La situación de nuestros empresarios sería muy rara, porque parece que de repente los afectó esta terrible enfermedad. Cuando estaban sanos (con Lagos o Bachelet I), ellos invertían tranquilamente. Sin embargo, de repente se pusieron ideológicos y pesimistas. Probablemente, no entendieron las reformas de Bachelet II, ni la benéfica influencia del Partido Comunista en la Nueva Mayoría. Tampoco fueron capaces de advertir que el modelo económico del programa del FA solo apuntaba a ese 30% de incondicionales, no era para que ellos se asustaran; ni supieron apreciar los efectos positivos que traería el “meterle inestabilidad al sistema”, como declaraba un alto dirigente frenteamplista.

Todo esto es, ciertamente, posible: cabe que nuestros empresarios no entiendan nada. Pero también puede ser que el universo frenteamplista/PC tenga una incapacidad radical para comprender el mundo de la empresa. Quizá miran con benevolencia al emprendedor. Sin embargo, cuando tiene éxito y se convierte en empresario la cosa cambia y su figura adquiere caracteres malignos.

¿A qué se debe su visceral desconfianza en la empresa privada? Las razones son variadas, y algunas tan pedestres como el hecho de que muy pocos frenteamplistas o comunistas han trabajado en una empresa o han creado una. Lo suyo son las asesorías y los cargos en el aparato estatal. Nunca han tenido la angustia de conseguir créditos para invertir, obtener un permiso del que depende el inicio de un proyecto que ha supuesto noches de desvelo, o el simple hecho de tener que pagar los sueldos a fin de mes cuando el negocio ha estado difícil.

No se puede querer lo que no se conoce: es improbable que los frenteamplistas puedan llegar a apreciar a las empresas, particularmente a las grandes.

Por otra parte, tampoco ayudan las variopintas filosofías que están detrás del proyecto de la nueva izquierda. Para ellas, estas relaciones humanas necesariamente esconden oscuros intereses de dominación. Conciben la vida en una empresa como un juego de suma cero, donde uno gana porque otro pierde, o en la medida en que el otro pierde.
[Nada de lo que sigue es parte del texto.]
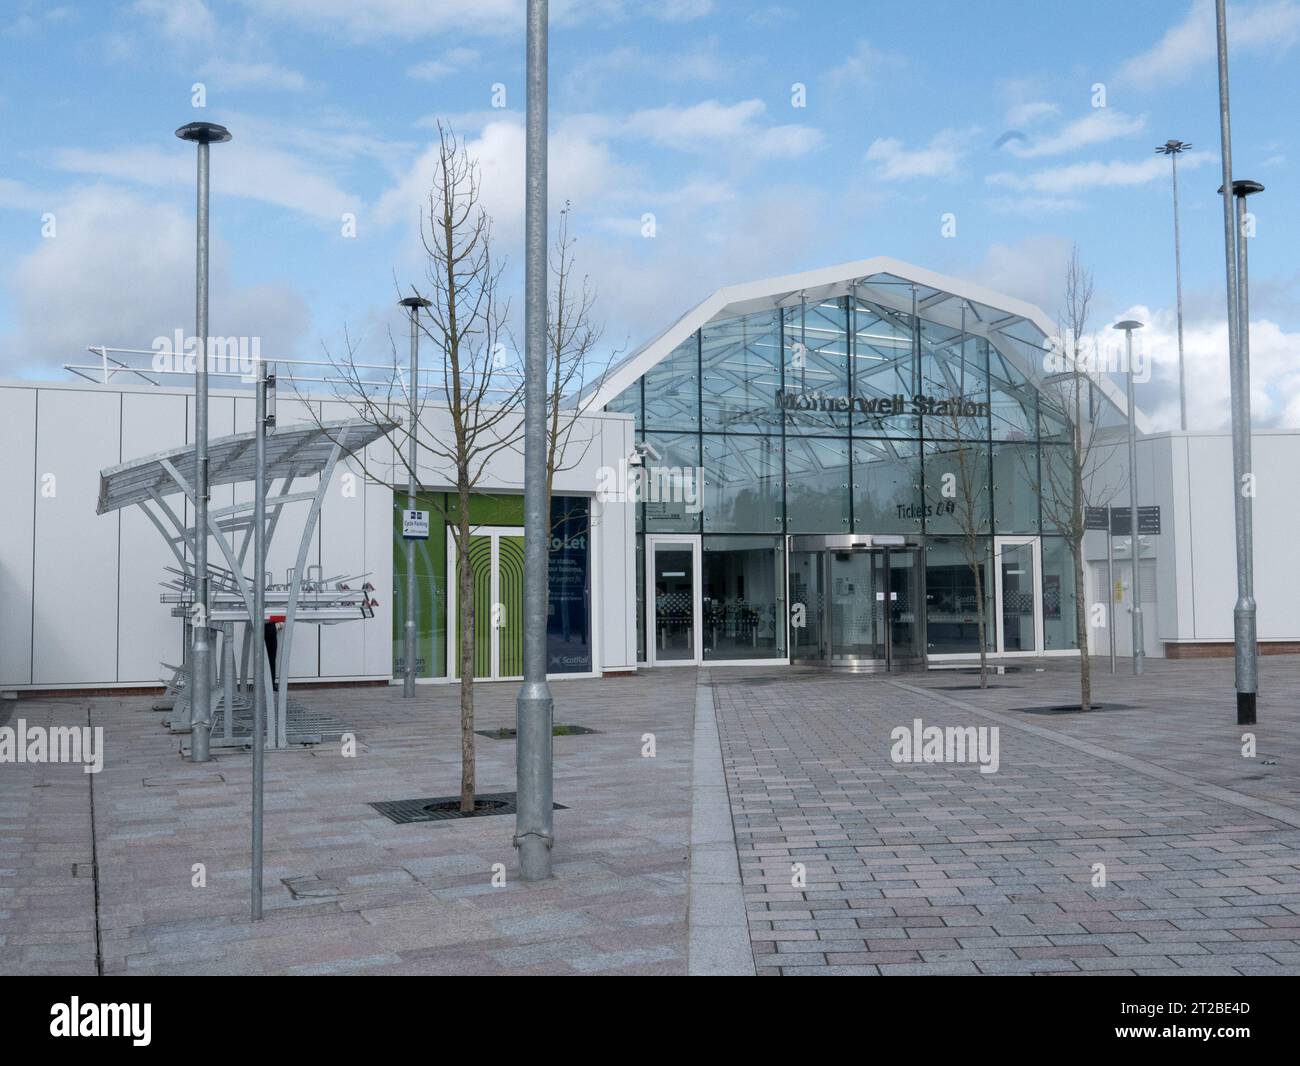 Vue de face de la gare de Motherwell réaménagée Banque D'Images

Por supuesto que existen empresas de este tipo, pues ninguna organización humana, incluido el Estado, es inmune a los abusos, la prepotencia o la arbitrariedad. Pero ¿es esta la necesaria estructura de toda empresa?

Como ellos saben que las empresas privadas son inevitables, entonces les piden que hagan toda suerte de cosas distintas de su rubro principal. Solo el cumplimiento de esas otras tareas les daría validez, no el hecho de producir buenos productos y servicios. Soy el primero en reconocer que es muy necesario que la empresa no se limite a fabricar determinados bienes, ya que su cometido es muy amplio. Pero lo primero, lo que hace buena su existencia y es una contribución a la sociedad, es que nos entregue buenos productos y servicios a un precio conveniente y conforme a la ley.

Nuestros jóvenes frenteamplistas no tuvieron la oportunidad de ir a Varsovia o Berlín cuando todavía estaba un régimen que restringía severamente a la empresa privada: no vieron esos autos malos y caros producidos por el Estado, esos restaurantes con comidas indigeribles administrados por burócratas y esa ropa que para un occidental era baratísima, pero incomprable por su fealdad y mala calidad. Eso les permite idealizar el modelo estatal y ver con ojos críticos el sistema de libertad económica bajo reglas que aseguran el juego limpio. Tampoco perciben que, si miran a su alrededor, todo lo que ven, desde la ropa que llevan hasta el computador que utilizan, está ligado al mundo de la empresa. La empresa y la universidad son dos grandes legados que nos dejó la Edad Media.

Se ha hablado mucho en los últimos años del tiempo excesivo que toma en Chile la autorización de un proyecto. Bernardo Larraín ha puesto de relieve cómo en Brasil la aprobación de ciertos proyectos estratégicos toma 16 meses, mientras que aquí los casos análogos demoran siete años. Esas tardanzas no se deben simplemente a flojera de los funcionarios o al temor a ciertos criterios estrechos de la Contraloría. Ellas se explican por su incapacidad de entender cómo funciona una empresa. Ignoran la relevancia que tiene el factor tiempo para que un negocio salga adelante o se hunda. El funcionario tiene a su disposición todo el tiempo del mundo, el empresario no.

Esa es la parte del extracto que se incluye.